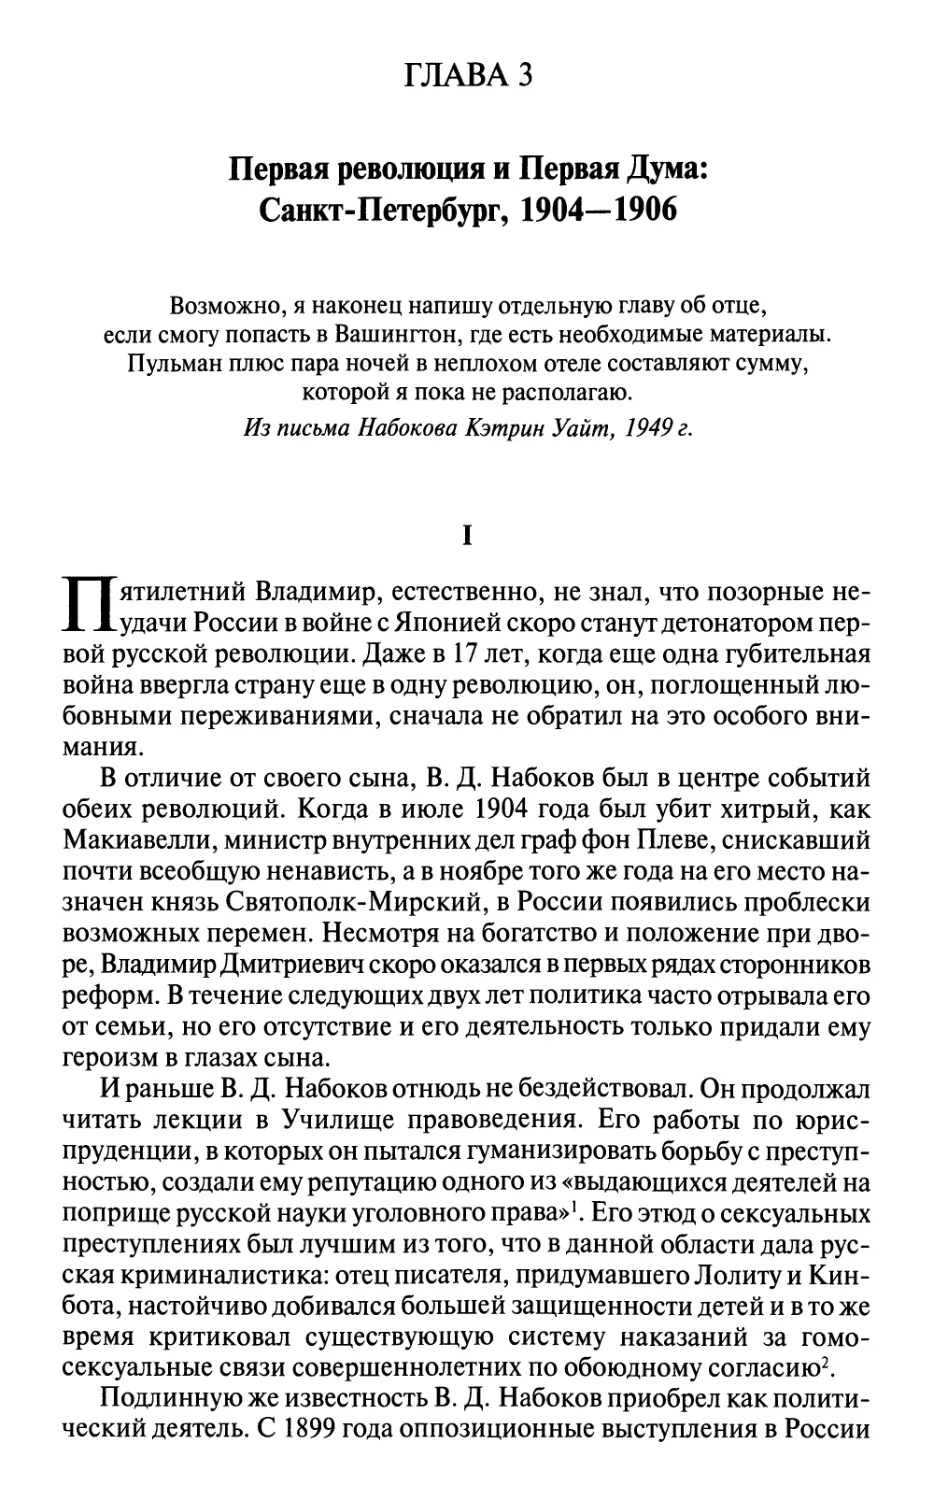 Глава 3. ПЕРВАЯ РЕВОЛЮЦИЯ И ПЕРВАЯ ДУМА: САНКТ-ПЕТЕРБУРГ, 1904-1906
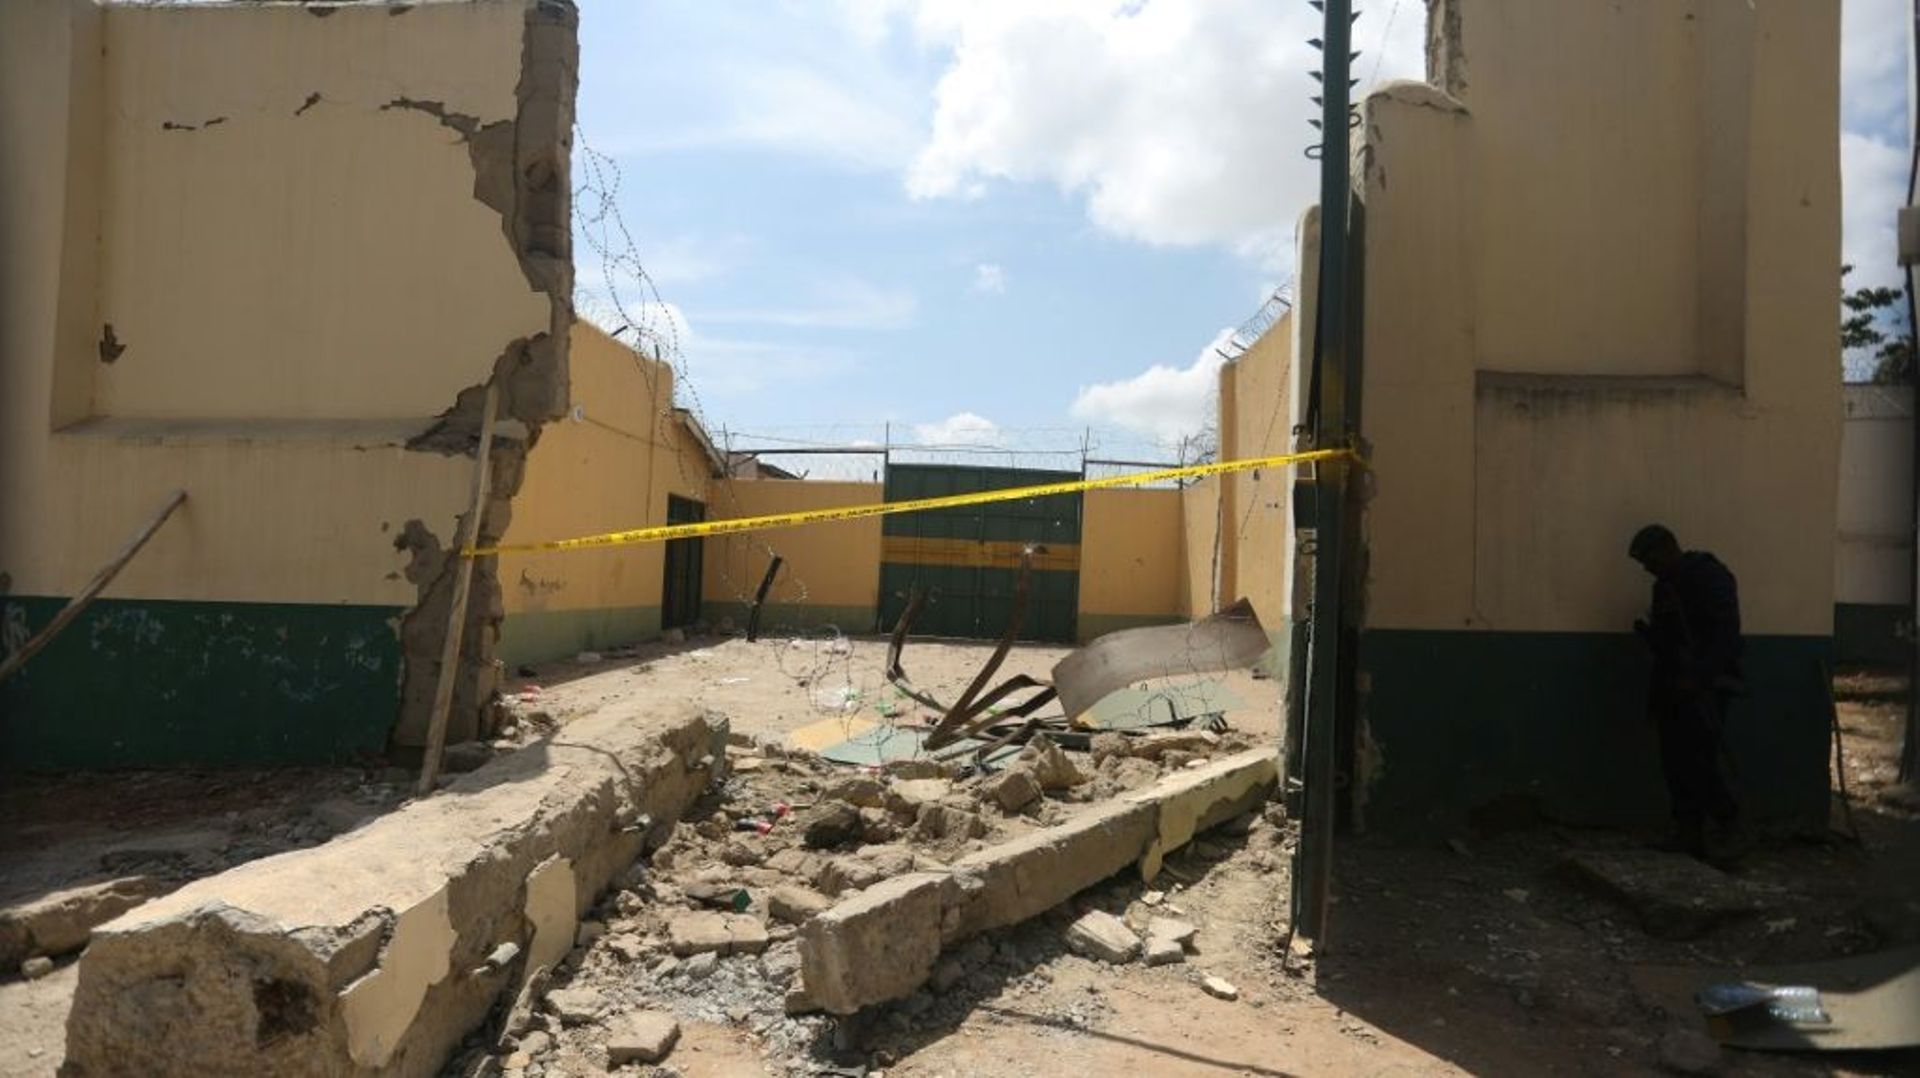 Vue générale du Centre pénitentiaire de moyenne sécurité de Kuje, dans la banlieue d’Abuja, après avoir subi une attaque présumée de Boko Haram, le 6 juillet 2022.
* * *
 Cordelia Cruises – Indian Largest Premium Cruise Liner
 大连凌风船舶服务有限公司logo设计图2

THE PROBLEM -
Copy exactly the part of the material above that opens with the line containing "Глава 3. ПЕРВАЯ" and closes with the line containing "Vue générale du", ends included. Drop the images.

WRITTEN ANSWER -
 Глава 3. ПЕРВАЯ РЕВОЛЮЦИЯ И ПЕРВАЯ ДУМА: САНКТ-ПЕТЕРБУРГ, 1904-1906
 Vue générale du Centre pénitentiaire de moyenne sécurité de Kuje, dans la banlieue d’Abuja, après avoir subi une attaque présumée de Boko Haram, le 6 juillet 2022.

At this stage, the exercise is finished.